Brett Davis is an American comedian and actor. He hosted a public access show called The Special Without Brett Davis in the New York City metro area. He has also hosted The Podcast for Laundry and The Macaulay Culkin Show. In 2015, he won the Andy Kaufman Award. In 2019, he joined the cast of the National Lampoon Radio Hour.

Career 
Davis grew up in New Jersey, and as a teenager, he was a caller and contributor to The Best Show with Tom Scharpling, and guest-hosted NYCTV's New York Noise. He also performed regularly around the New Brunswick punk scene, which was the topic of an early short film, BANANAZZZ.

Davis hosted the public access show The Special Without Brett Davis, taking over the time slot previously held by The Chris Gethard Show, on the Manhattan Neighborhood Network. The show aired over 170 episodes, and featured performers including Jo Firestone, Cole Escola, Joe Pera, Julio Torres and Bridey Elliott, and guests such as Gilbert Gottfried, Michael Shannon, Lita, Rose McGowan, The Thermals, and Screaming Females.

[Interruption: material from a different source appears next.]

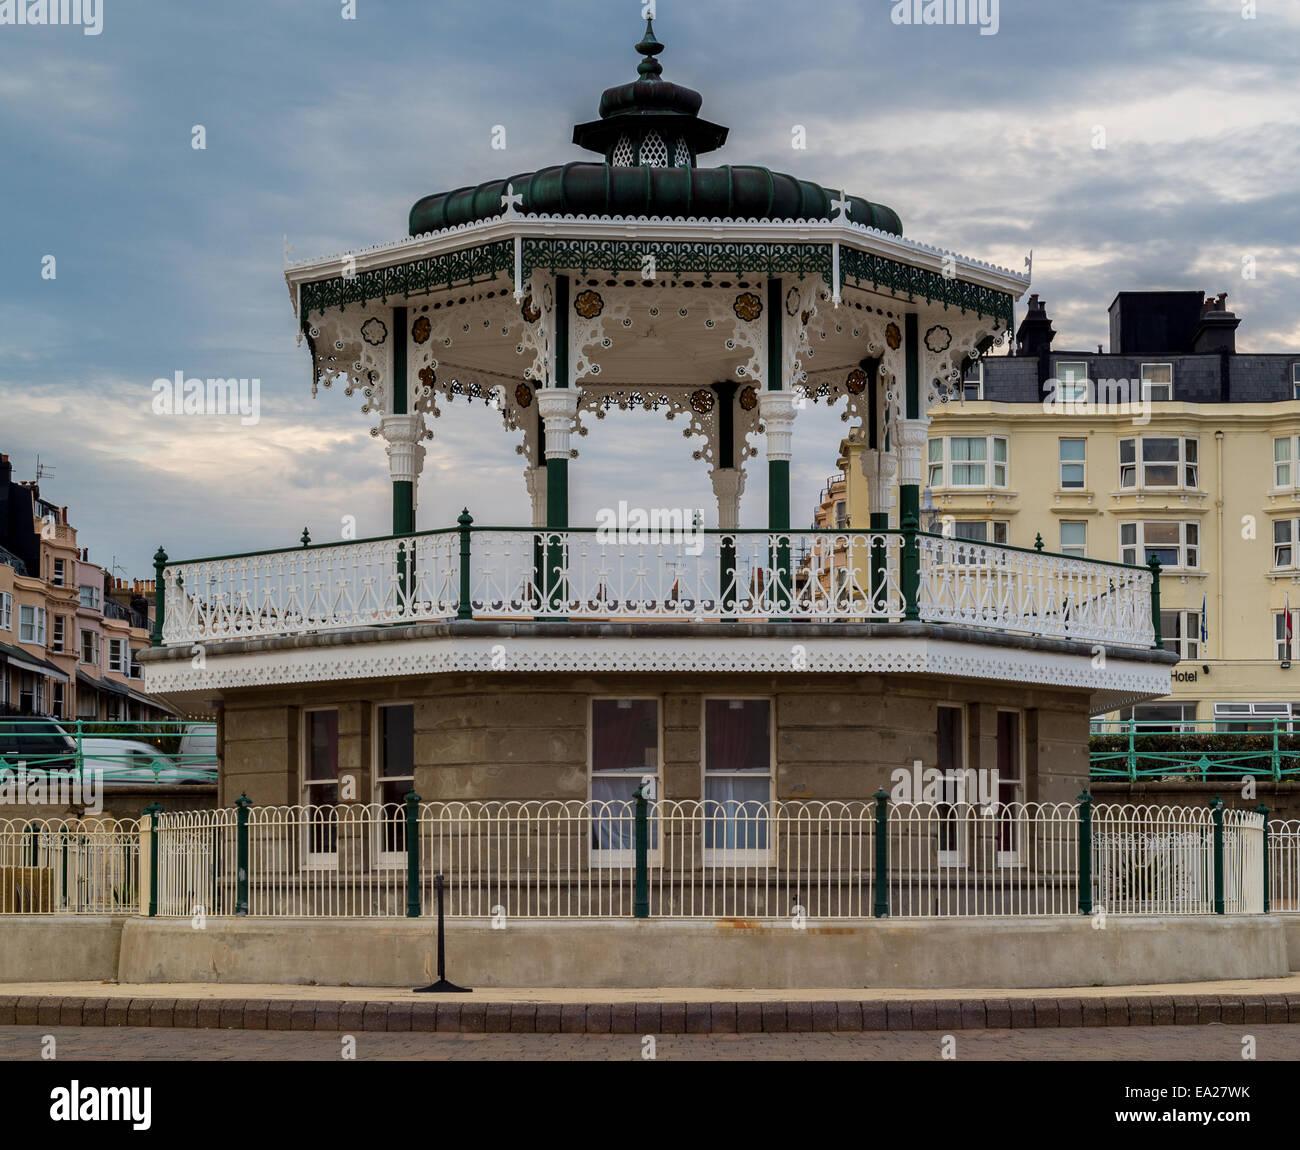 Brighton Bandstand around dusk - Stock Image

Davis hosted The Podcast For Laundry, "a satire of podcasting" about a host being driven crazy by doing a podcast about laundry. He also performs character-based comedy around New York City, and won the Andy Kaufman Award in 2015 for his interactive live performances.

Along with Sally Burtnick, he has hosted The Macaulay Culkin Show, a monthly comedy show held at the Shea Stadium DIY Venue in East Williamsburg from 2013 to 2017. The show has an annual summer comedy festival. The show had previously been unaffiliated with the actor until Culkin made an appearance in 2019.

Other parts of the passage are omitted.